There is. Much more.
A little past midnight in the wee hours of Jan. 24, 1992, Scott, an 18-year-old freshman, and her Notre Dame swim team were on the Indiana Toll Road in a chartered bus. They had competed against Northwestern in Chicago, and were four miles from their South Bend exit. They had just finished watching a Julia Roberts' movie, "Dying Young."
It had been a warm day in wintry northern Indiana. Scott DeMaria laughs about that now. The Irish had recruited her from Xavier College Prep School in Phoenix and brought her in one day in February when the temperature was 60 degrees. That happens about every 75 years.
"I thought, hey, I can handle this," she recalls.
The warmth that January day, however, turned cold and snowy that night, and the snow turned quickly to ice. Scott DeMaria recalls the bus passing a car, then veering back to the right lane. "I thought we were exiting," she says.
Instead, the bus skidded on the ice, left the road, slid sideways down an embankment and, when a wheel hit a concrete culvert, turned over.
Two team members, freshmen Meghan Beeler and Colleen Hipp, were thrown from the bus and killed when it landed on top of them. Scott DeMaria was slammed around inside and ended up next to a window that either popped open or was blown out. She pulled herself out and ended up on her back in the snow.

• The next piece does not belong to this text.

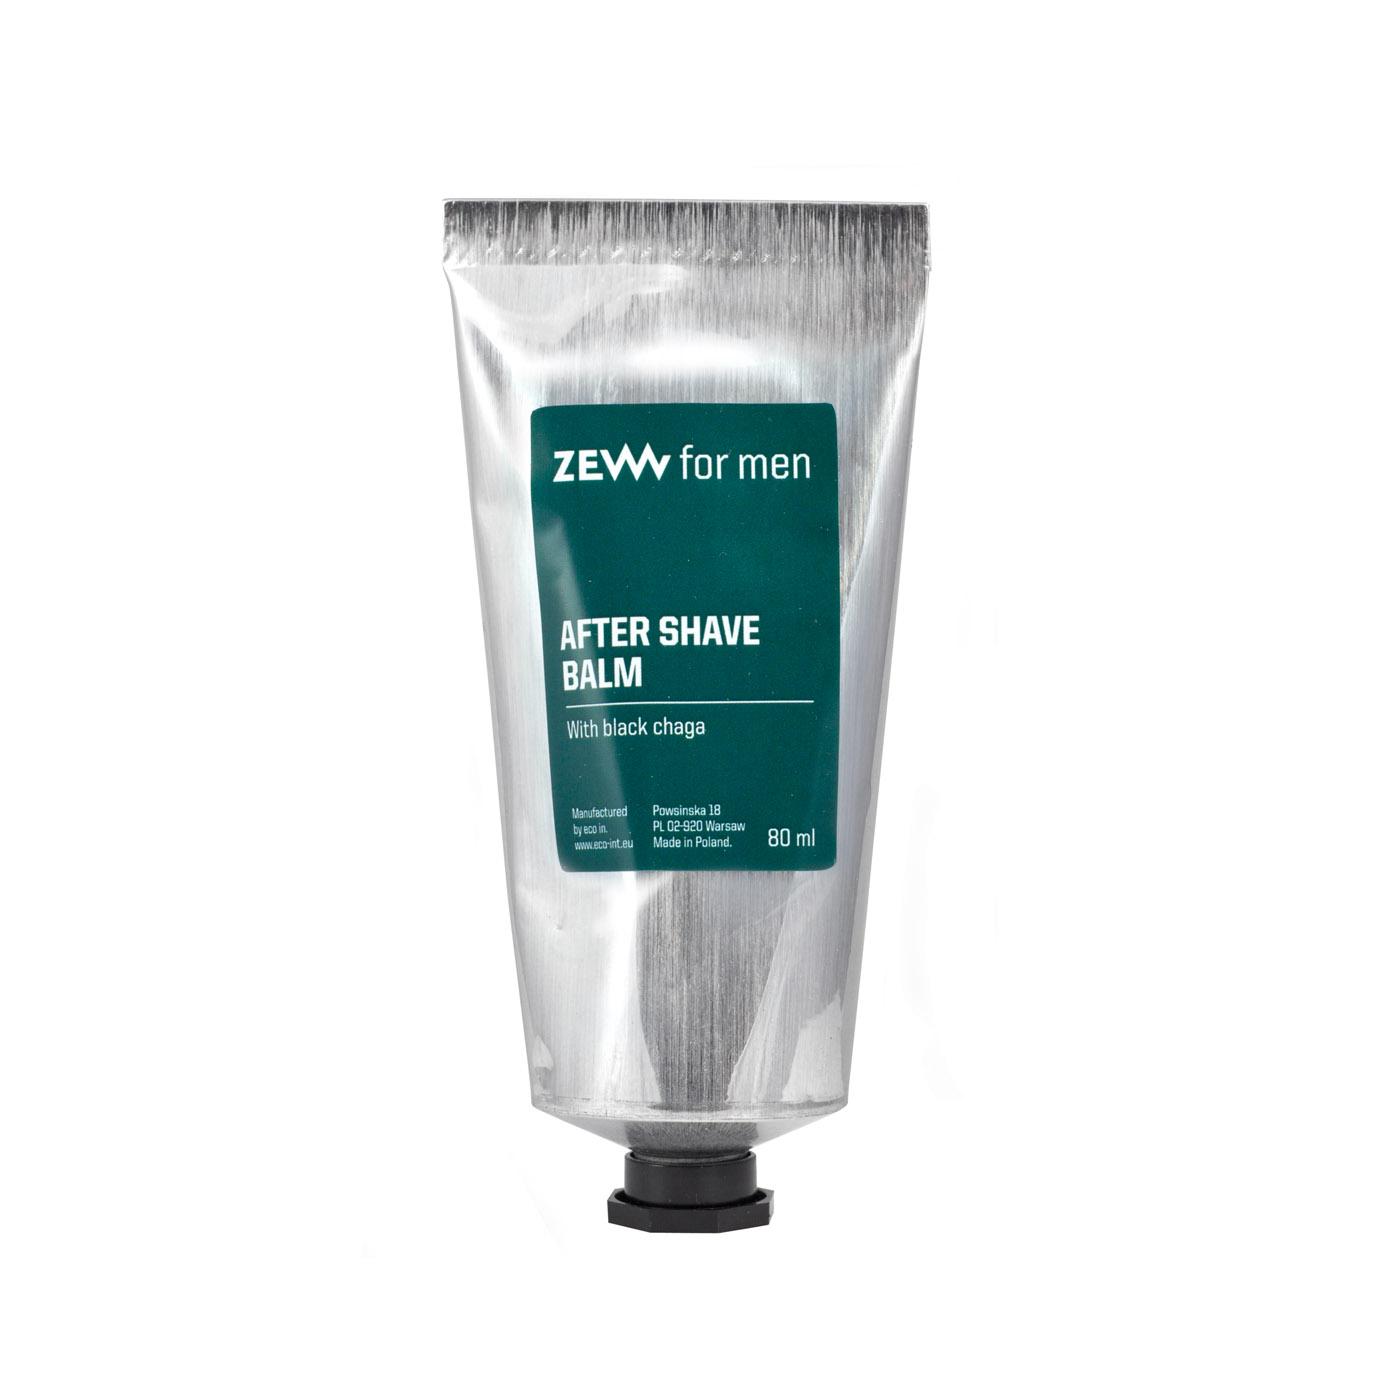 ZEW for men After Shave Balm - balzám po holení s hubou chaga, 80 ml

"I remember telling everybody two things, over and over," she says. "I was cold and my back hurt."
She was dressed in standard Dress Code A for Notre Dame traveling women's teams, cotton skirt and top. She stayed like that, on her back, in the snow, for an hour. Most likely, that is why she is walking today. She had no idea she had broken her spine. The term "paraplegic" hadn't occurred to her, even though it now defined her.
"I noticed when they finally lifted me onto a board for the ambulance, I couldn't move my legs," she says. "But one of the girls who stayed with me reminded me that I had been on my back in the snow for an hour, so I was probably just numb. I'm sure that's what I wanted to hear, so I accepted it."